Abstract:
This thesis describes the development and evaluation of a high-temperature combustion
standard. This comprises a McKenna burner premixed flame, together with a full
assessment of its temperature, stability and reproducibility. I have evaluated three
techniques for high-accuracy flame thermometry: Modulated Emission in Gases
(MEG), Rayleigh scattering thermometry and photo-acoustic thermometry.
MEG: Analysis shows that MEG is not usable in this application because the sharp
spectral features of the absorption coefficient of gases are represented within MEG
theory as an average absorption coefficient over the optical detection bandwidth. A
secondary difficulty arises from the lack of high power lasers operating at wavelengths
that coincides with molecular absorption lines in the hot gas.

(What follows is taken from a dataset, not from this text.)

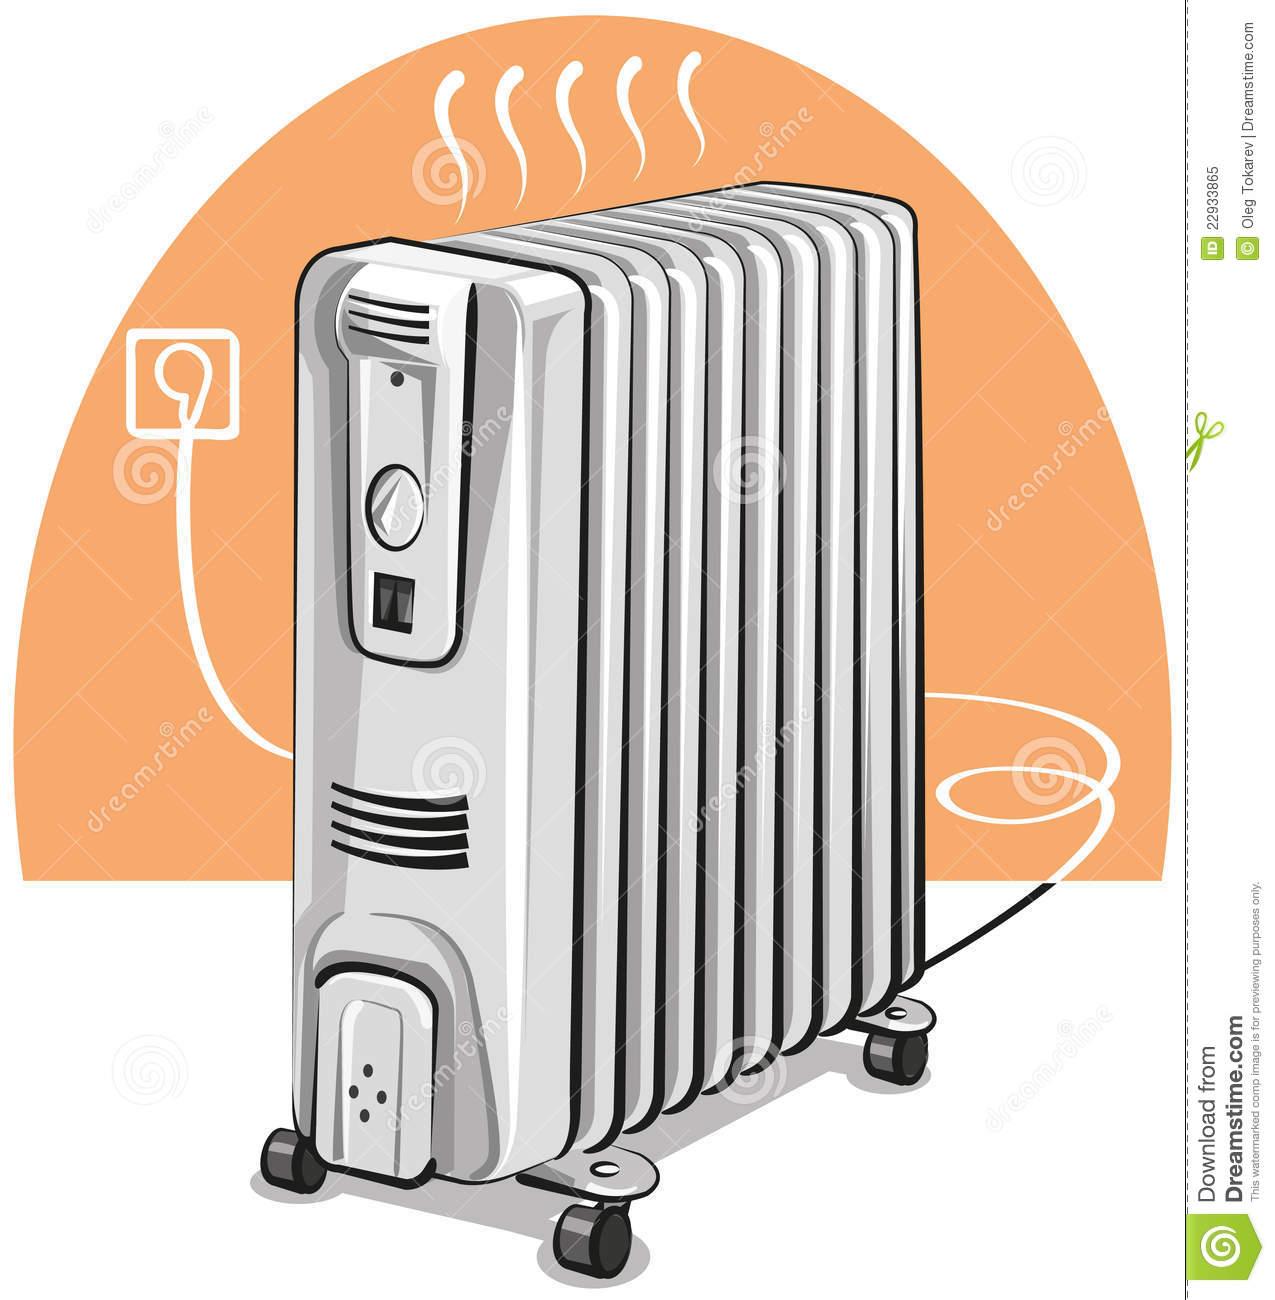 Portable Heater Clipart.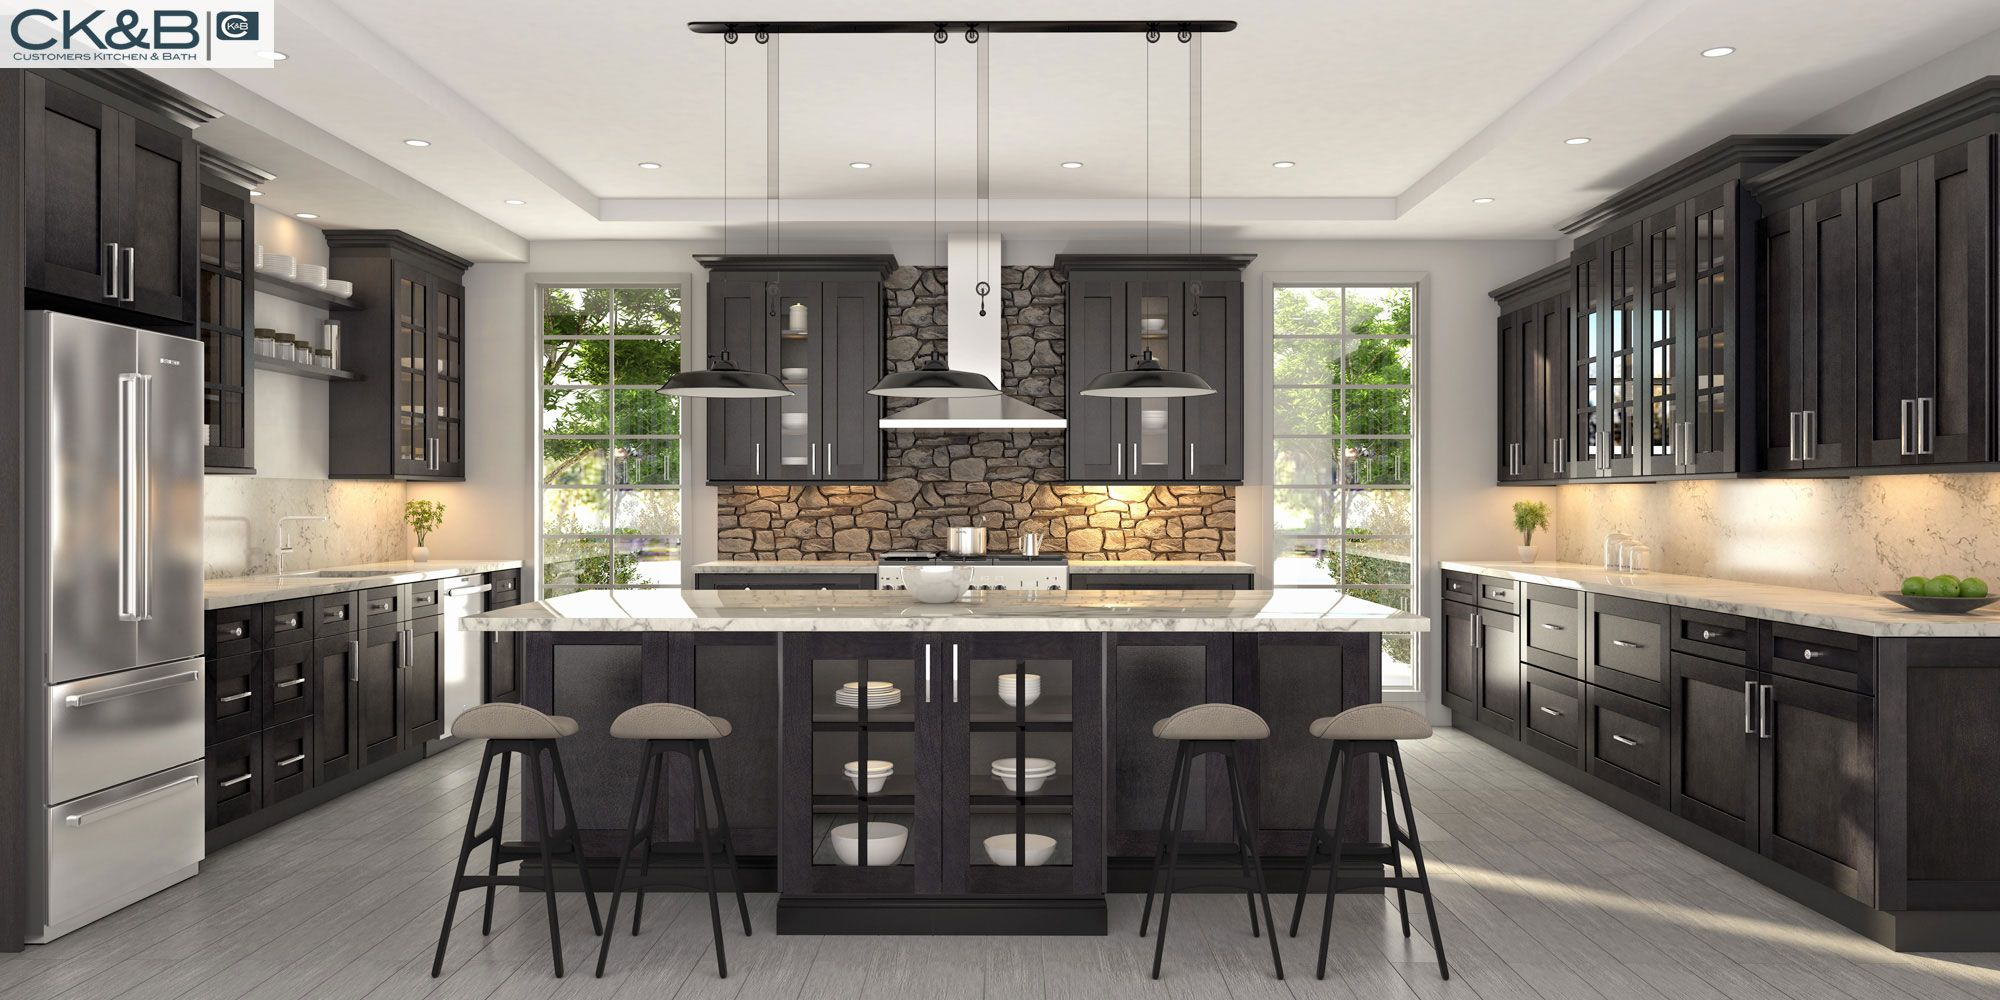 Family kitchen design cambriausa kitchen remodel kitchenremodel

Rayleigh Scattering: Applying corrections for the temperature-dependence of the
scattering cross-section, it has been possible to determine the temperature of the
combustion standard with an uncertainty of approximately 1%. The temperature
dependence of the scattering cross-section arises from changes in the mean molecular
polarisability and anisotropy and can amount to 2% between flame and room
temperatures. Using a pulse Nd-YAG laser operating at 532 nm and high linearity
silicon detectors, the Rayleigh scattering experimental system has been optimised.
Temperatures measured over a three-month interval are shown to be reproducible to
better than 0.4% demonstrating the suitability of the McKenna burner as a combustion
standard.
Photo-Acoustic: By measuring the transit time of a spark-induced sound wave past two
parallel probe beams, the temperature has been determined with an uncertainty of
approximate 1%.
Flame temperatures measured by the photo-acoustic and Rayleigh scattering
thermometry system show good agreement. For high airflow rates the agreement is
better than 1% of temperature, but for low airflow rates, photo-acoustic temperatures are
approximately 3.6% higher than the Rayleigh temperatures. Further work is needed to
understand this discrepancy.